Segundo o economista, os pontos que devem ser alvo de mudanças no Congresso incluem o BPC (Benefício de Prestação Continuada), pago a idosos de baixa renda, e a aposentadoria rural. Podem sofrer alterações também a idade mínima para aposentadoria das mulheres —que subiria de 60 para 62 anos— e o período de transição, que seria de até 14 anos, contra 20 anos na reforma de Temer.
O banco espera que a tramitação da PEC seja concluída em outubro.
"Trabalhamos com o cenário de que a aprovação da reforma, mesmo diluída, vai abrir caminho para a economia brasileira acelerar no segundo semestre e ter um crescimento um pouco mais substancial no ano que vem", disse Faria.
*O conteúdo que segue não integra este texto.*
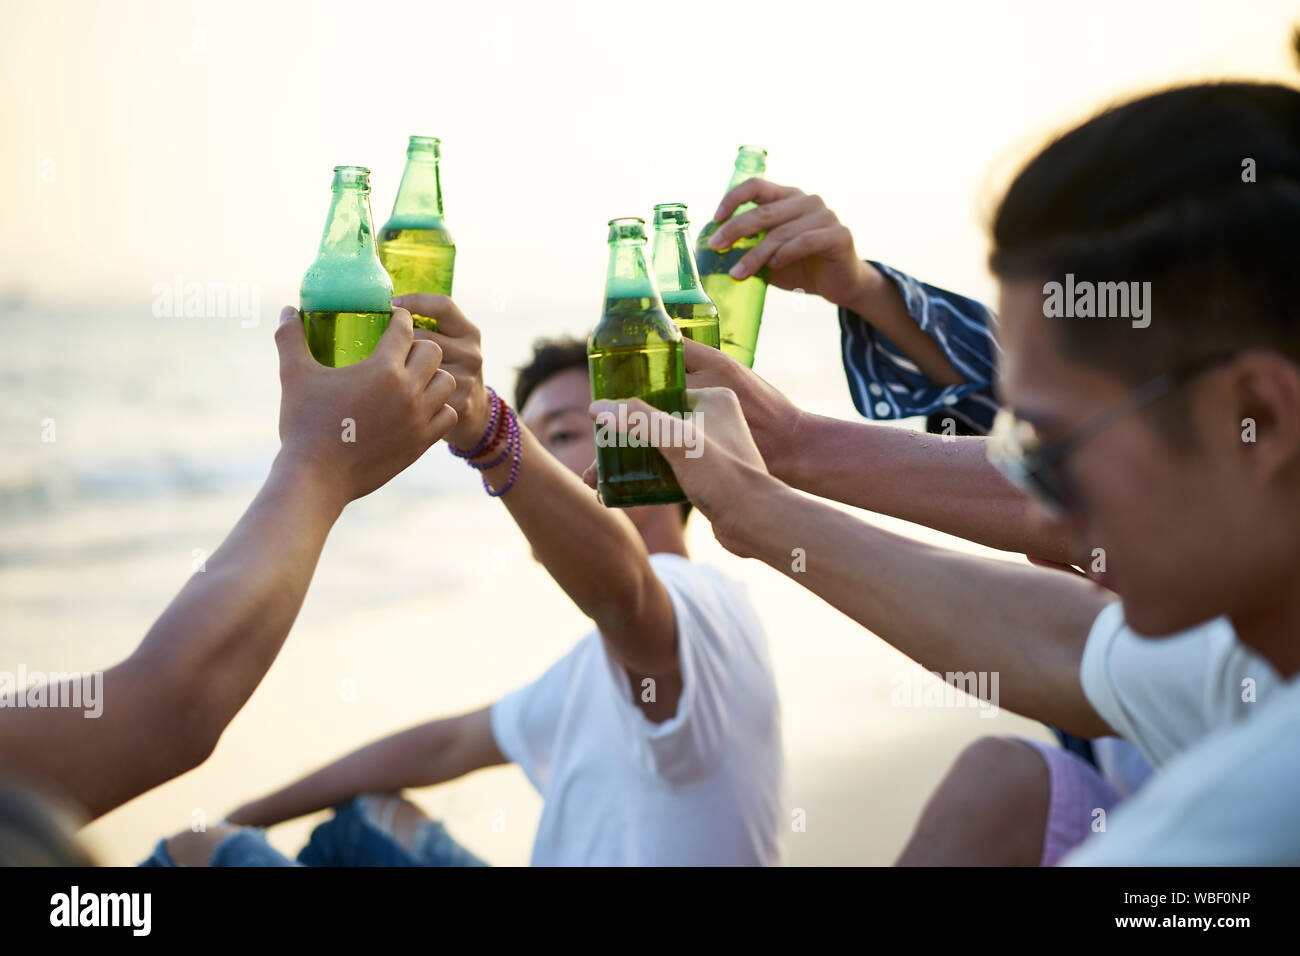 Groupe de jeunes hommes adultes asiatiques bière potable bouteilles en cliquant sur grillage beach Banque D'Images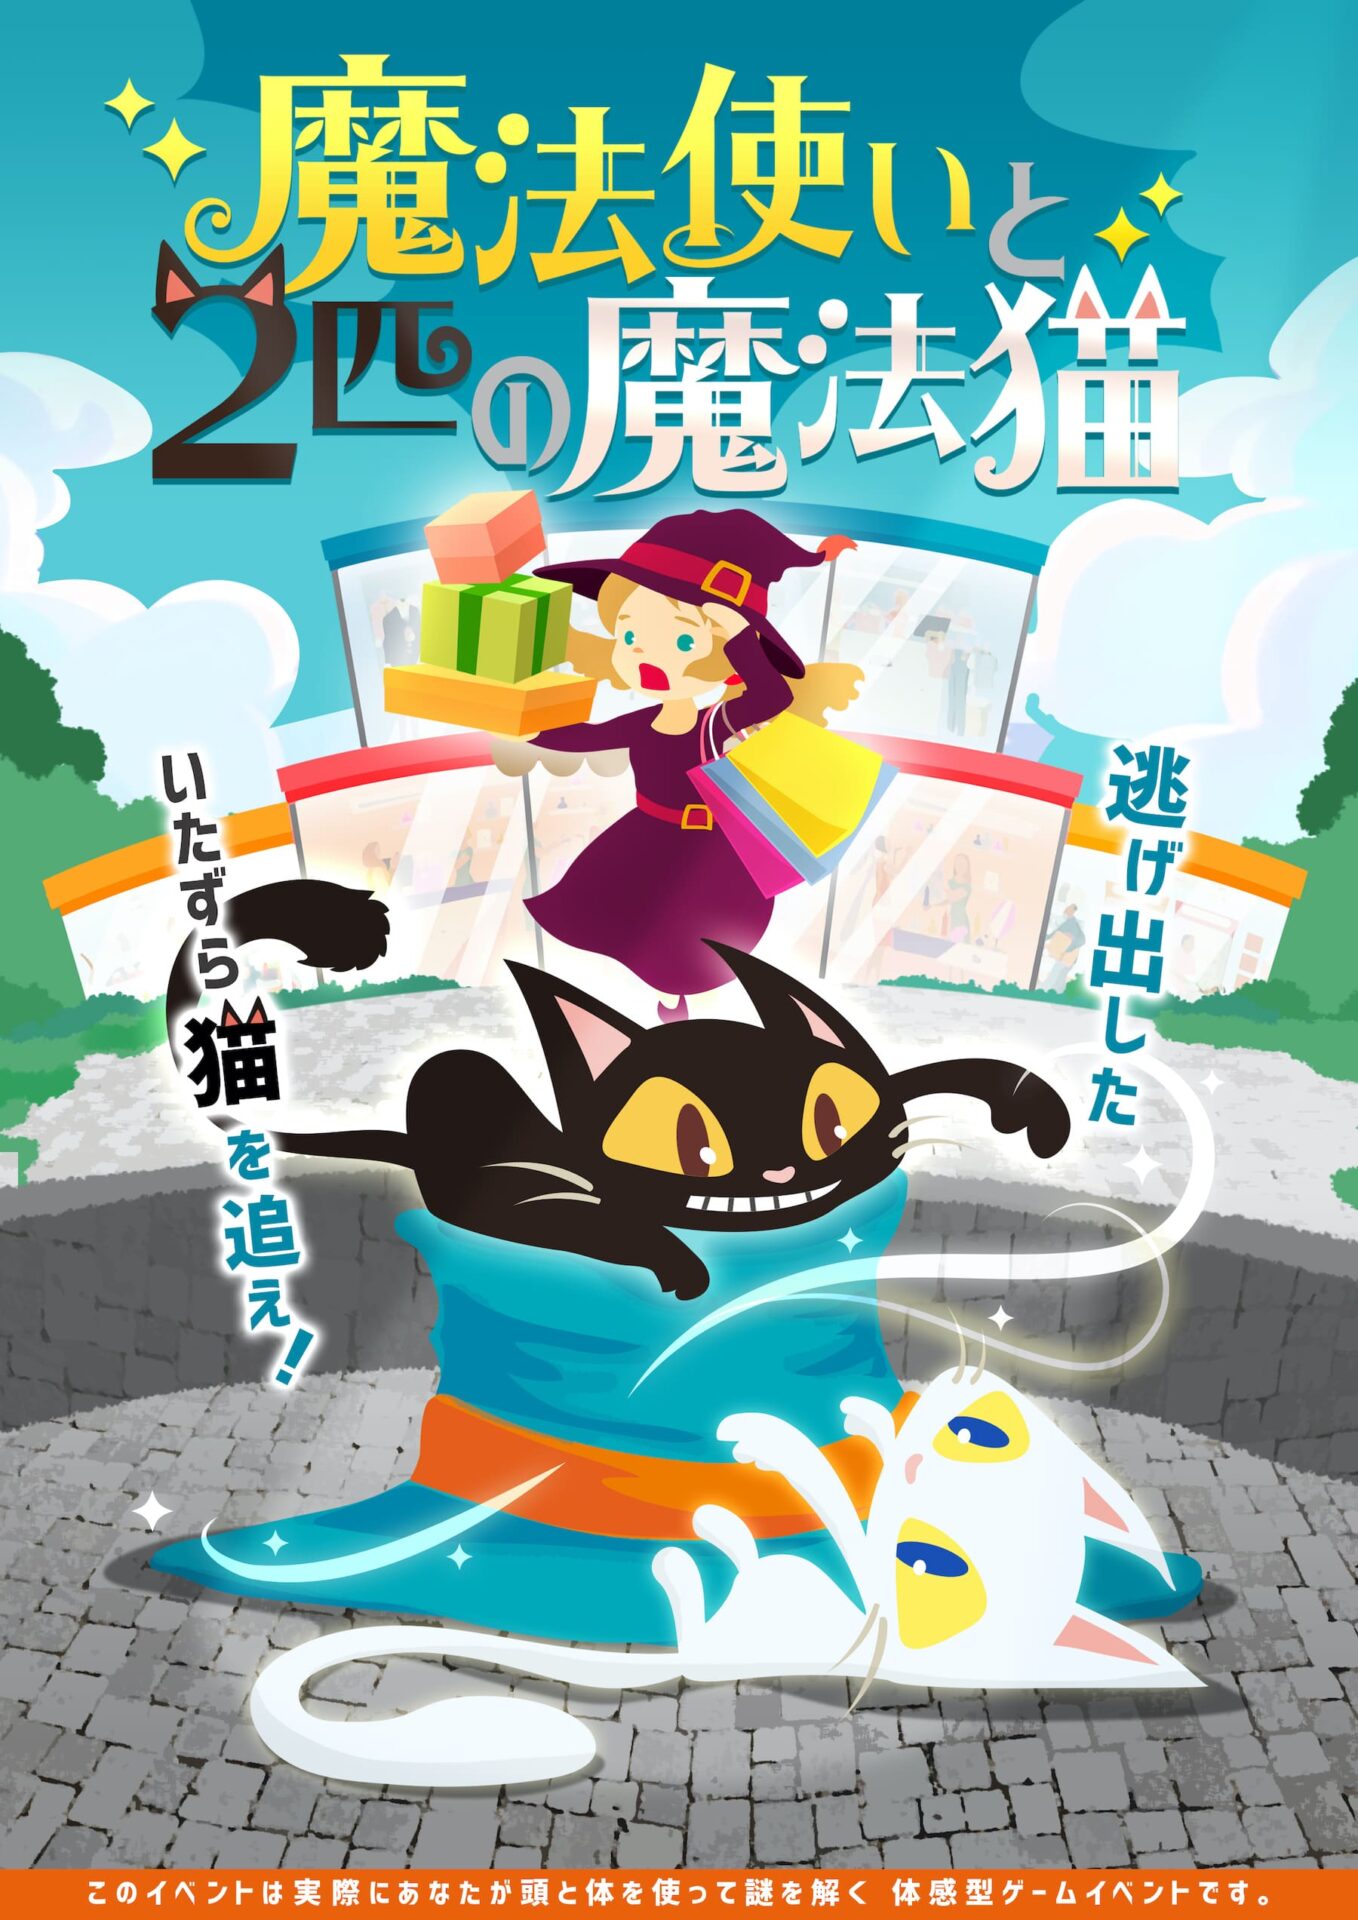 リアル謎解きゲーム『魔法使いと2匹の魔法猫』(東京 新宿)

O BNP revisou suas projeções para o PIB (Produto Interno Bruto) do Brasil neste ano de um crescimento de 3% para 2%. Além da incerteza fiscal ainda elevada, Faria diz que há problemas tanto no lado do consumo, com o desemprego alto, quanto da recuperação lenta dos investimentos.
Num cenário de recuperação gradual da economia e inflação controlada, o BNP mudou sua projeção de uma alta para a Selic (taxa básica de juros) em 2019 para estabilidade nos 6,5% ao ano. A próxima elevação na taxa, segundo a previsão, ficou para março de 2020.
Em relação à inflação, o banco trabalha com projeções de 3,5% no fim deste ano e 4% no próximo.
Sobre o cenário externo, Faria diz que o tom é cauteloso, com uma desaceleração da economia global em vista, mas o que acaba tendo impacto relativamente favorável para países emergentes como o Brasil.
Segundo Faria, o câmbio por aqui está subvalorizado. Às 12h30 (horário de Brasília), o dólar comercial era cotado a R$ 3,80.
"Se olhamos o balanço de pagamentos, o déficit em conta corrente é muito pequeno. Não precisamos ter um câmbio tão depreciado. Uma vez que os fundamentos ficais sejam corrigidos, a combinação de um cenário internacional favorável e conforto no balanço de pagamentos dele levar à apreciação do real, ainda que possamos ver certa volatilidade lá fora e ruídos ao longo da tramitação da reforma [da Previdência] no Congresso."
A projeção do BNP é de que o dólar termine 2019 cotado a R$ 3,25.